Weaver: Kronecker Product Approximations of Spatiotemporal Attention for Traffic Network Forecasting
Christopher Cheong, Gary Davis, Seongjin Choi
TL;DR
Weaver introduces a scalable spatiotemporal forecasting framework for traffic networks by decomposing full spatiotemporal attention via Kronecker product approximations, enabling efficient P2-KMV message passing on a Kronecker- TEN representation. It couples local signed spatial/temporal attention with a Traffic Phase Dictionary for self-conditioning and uses a Continuous Tanimoto Coefficient to model negative traffic interactions stably.

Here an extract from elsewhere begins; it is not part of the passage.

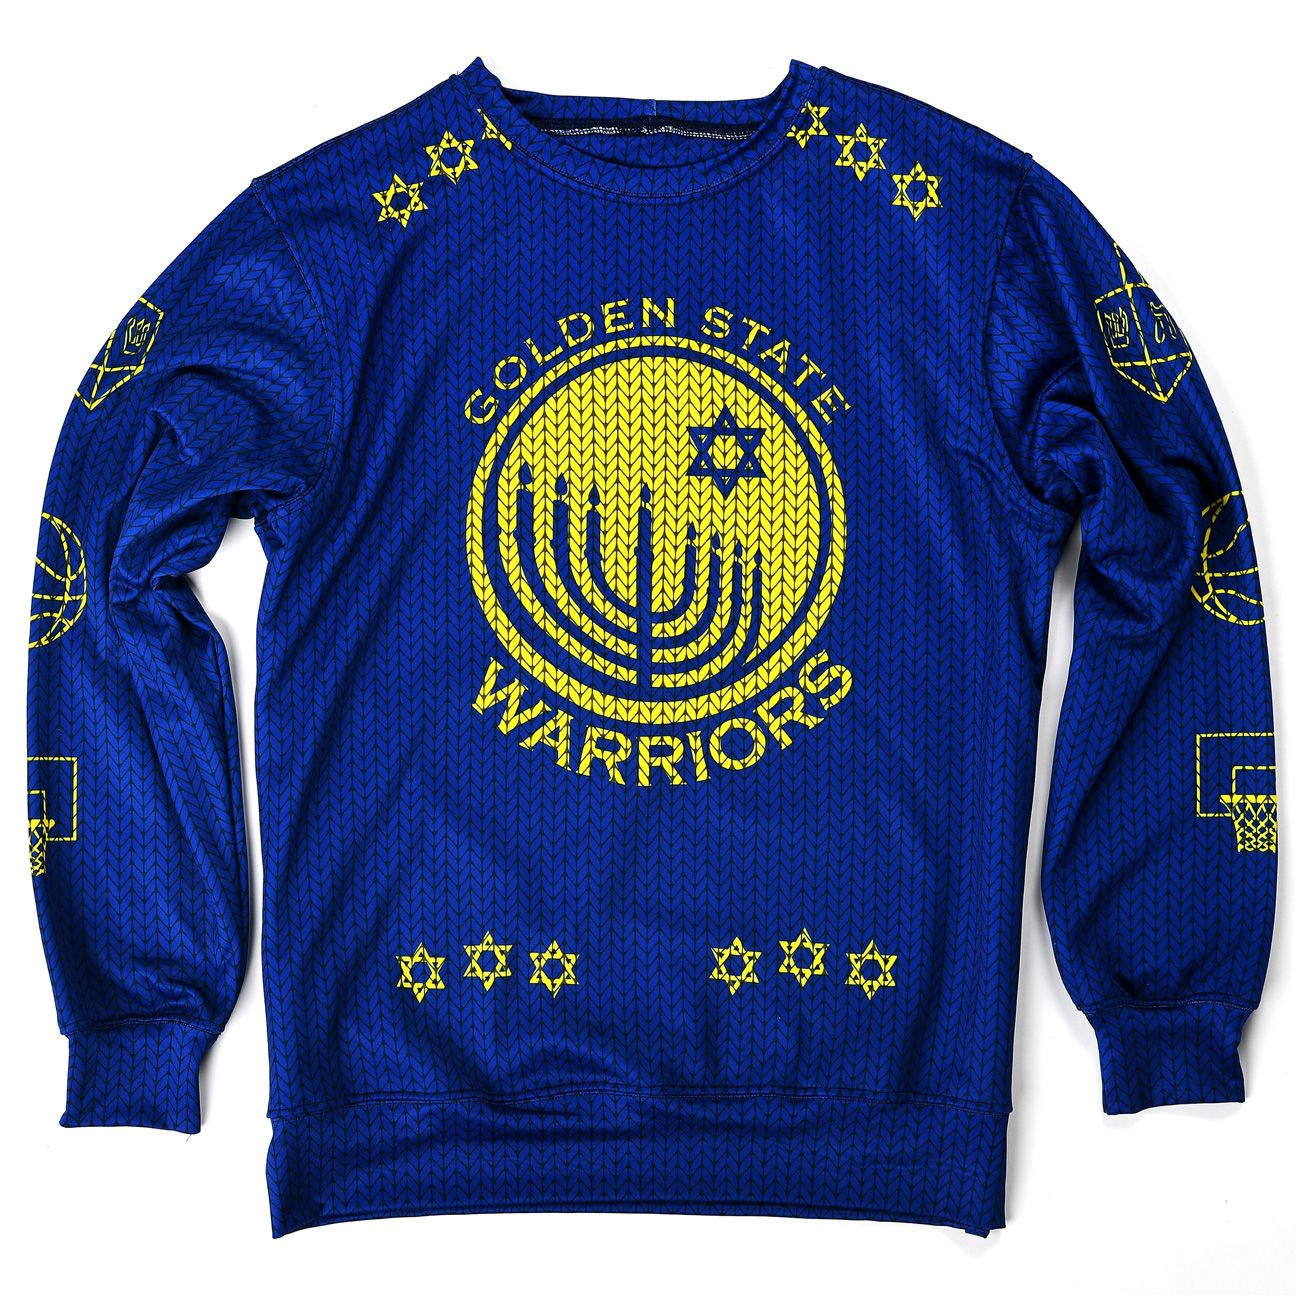 Warriors ugly sweater

The approach achieves competitive accuracy on PEMS-BAY and METR-LA, while delivering strong training efficiency and robustness under missing data. Ablations show the Kronecker attention, valence attention, and phase dictionary each contribute to stability and performance, particularly at longer horizons. The work provides a principled, physics-inspired, graph-based perspective with potential extensions to transferability, geometry-aware retrieval, and physics-informed modeling.
Abstract
Spatiotemporal forecasting on transportation networks is a complex task that requires understanding how traffic nodes interact within a dynamic, evolving system dictated by traffic flow dynamics and social behavioral patterns. The importance of transportation networks and ITS for modern mobility and commerce necessitates forecasting models that are not only accurate but also interpretable, efficient, and robust under structural or temporal perturbations. Recent approaches, particularly Transformer-based architectures, have improved predictive performance but often at the cost of high computational overhead and diminished architectural interpretability. In this work, we introduce Weaver, a novel attention-based model that applies Kronecker product approximations (KPA) to decompose the PN X PN spatiotemporal attention of O(P^2N^2) complexity into local P X P temporal and N X N spatial attention maps. This Kronecker attention map enables our Parallel-Kronecker Matrix-Vector product (P2-KMV) for efficient spatiotemporal message passing with O(P^2N + N^2P) complexity. To capture real-world traffic dynamics, we address the importance of negative edges in modeling traffic behavior by introducing Valence Attention using the continuous Tanimoto coefficient (CTC), which provides properties conducive to precise latent graph generation and training stability. To fully utilize the model's learning capacity, we introduce the Traffic Phase Dictionary for self-conditioning. Evaluations on PEMS-BAY and METR-LA show that Weaver achieves competitive performance across model categories while training more efficiently.